Love, Anger, Madness_ A Haitian Trilogy - Marie Chauvet [140]
Arrogant malcontents! …
I don’t want to write. At least, not as I have before. I feel as if I am coming out of my apathy and becoming self-aware. Cornered, hounded like an animal, I take stock of my powers in silence and in fear, and plunge to the very bottom of my being. To find what there? Ah! Lord have mercy! Spare me from clutching at nothing yet again. Look at my buddies. Poets like me. Their empty gizzards stuffed with crooked rhymes, just like me. Poetry! The endemic illness of young malcontents, desperately embracing beauty, hog-tied to the tempting rhymes of a loaned-out language, tossed about between Creole and French like those rowboats over there on the sea I can hear but not see crashing from my shack. My senses grow sharp in this silence intermittently punctuated by cries or the whistling of bullets. I no longer need to look in order to see: the sea is raging. Raging against the devils, against our resignation, against our cowardice, against us. I listen to it holler, scold, protest, refute. Furious, her waves lift abandoned sailboats and make them clatter like teeth. Silver and pink fish jump high in the air and cast stunned looks at the shore; gaunt dogs pace along the beach, nosy, searching through trash and bodies. Closer by, multihued birds shake off the rain, gliding indifferently, wings fixed between heaven and earth. Between squalor and splendor. They whistle and sing cheerful sunny songs, the strident songs of island birds; and their unbridled effervescence, wafting on the warm noon breeze, that Haitian noon usually suffused with the smell of dishes spiced with garlic and hot pepper, accentuates our torment, poor prisoners that we are. We are indeed prisoners. Brave is he who ventures out. Even the beggars have deserted the streets. They have probably dug themselves in somewhere in the mountains. Let’s hope hunger doesn’t turn them into snitches and drive them to make a pact with the devils, those who just yesterday were praying at the gates of the church, arms outstretched in a cross. The church too has closed its doors and, since morning, the bells have been quiet. Is Father Angelo afraid? Is Cécile afraid? Let me put my thoughts in order, let me draw a battle plan, and I will fly to your rescue … Where have I read this? …
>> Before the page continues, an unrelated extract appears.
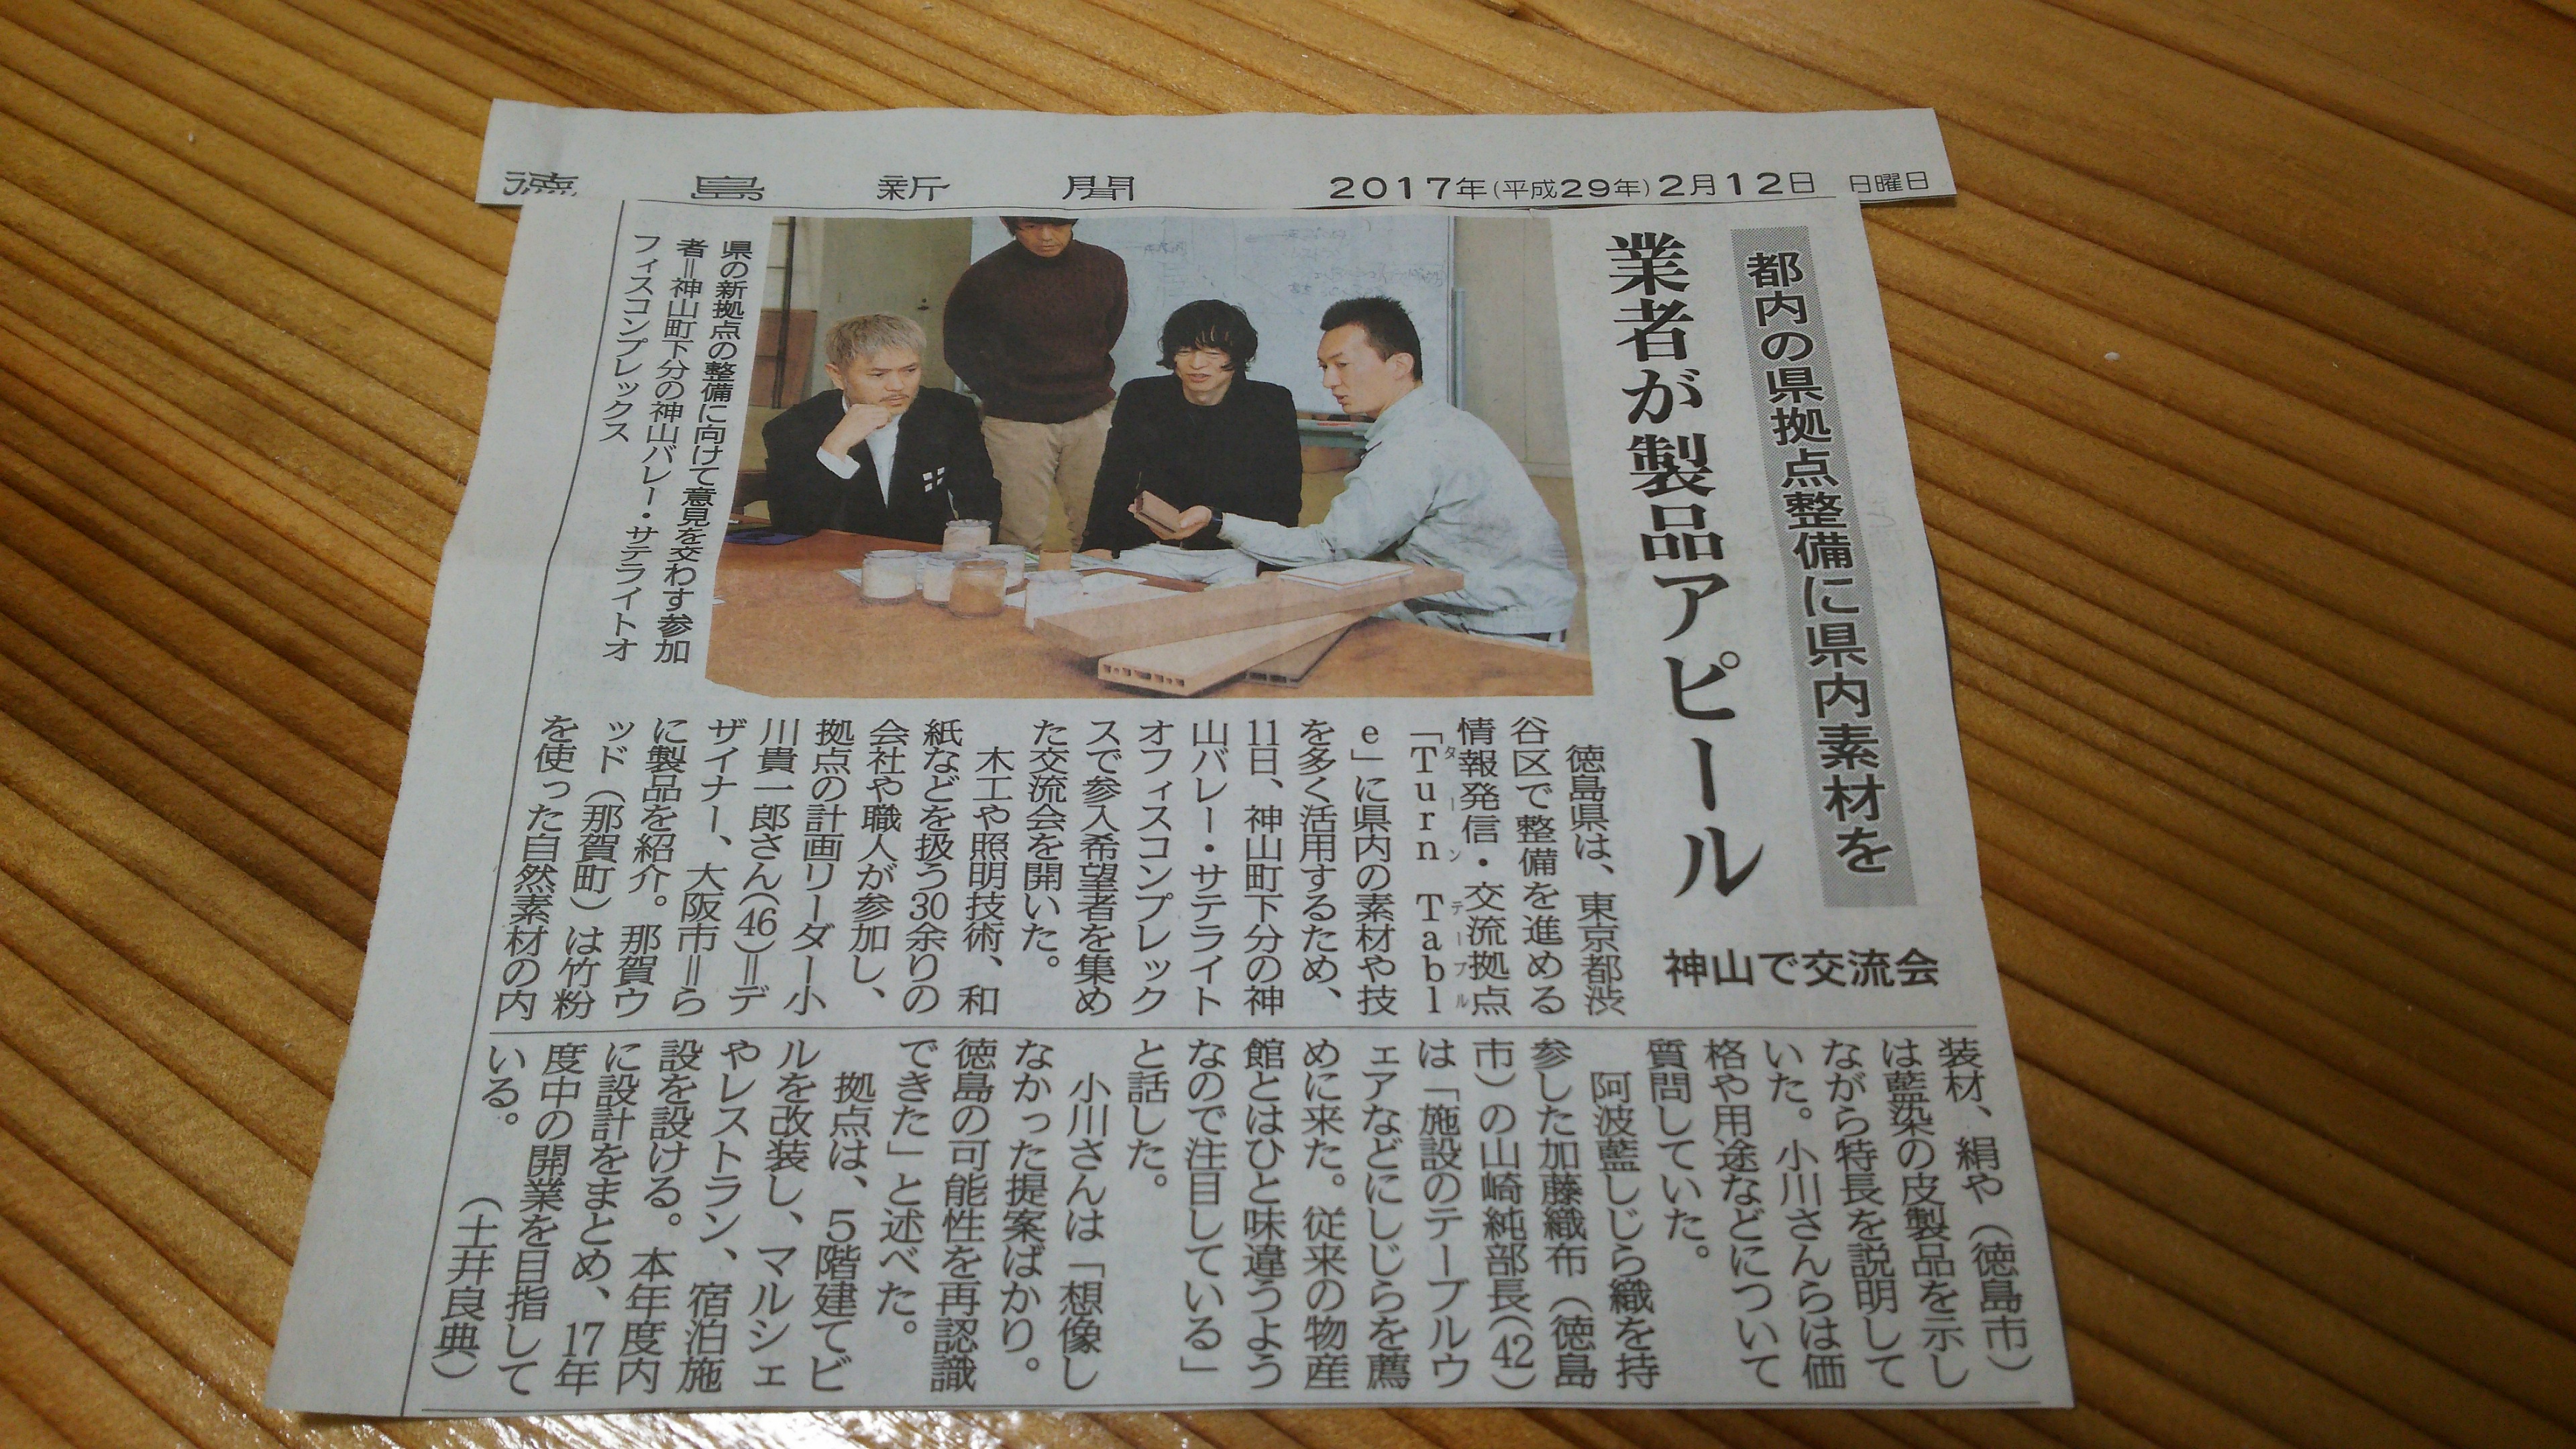 徳島ブランドギャラリー交流会での当社プレゼンが徳島新聞に掲載

My shack is in a back alley that opens on the Grand-rue. A nameless back alley in the slums where near-beggars of my kind live here and there. It is near the Grand-rue and is even more despised for it. A disgraceful appendix of that main street with its heap of self-styled aristocrats, baptized by high society, as they say. Shopkeepers, businessmen, exploiters, thieves in the guise of respectable citizens, bursting with every sort of prejudice, living like pashas in this provincial small town, which, due to the terrible roads that link it to Port-au-Prince, seems forever separated from the rest of the world.
This Haitian province sung over and over in my French rhymes, province that I love because my mother and I grew up here, suffered and slaved here, I will free you from the devils’ claws!
The past is forever vomiting up regrets. Life is like a heavy cart slowly, implacably grooving a path straight ahead of itself. I turned my head to look back and was seized by discouragement. Why didn’t I keep begging for work? Why didn’t I have the courage to declare my love to Cécile? I ran away from responsibilities out of fear of the future and now I may no longer have a future. I am alone, shut up like a rat in his hole, I am gnawing at my solitude with every last tooth. Look at my buddies. André, Jacques, Simon! Malnourished poets like me. Hunted by the devils like me.
I heard gunshots and then furious running. And this time I jumped to the barricade to unblock the door. I opened it wide and the fugitive saw it and flew into my house like the wind: it was André. We put back the barricade before embracing.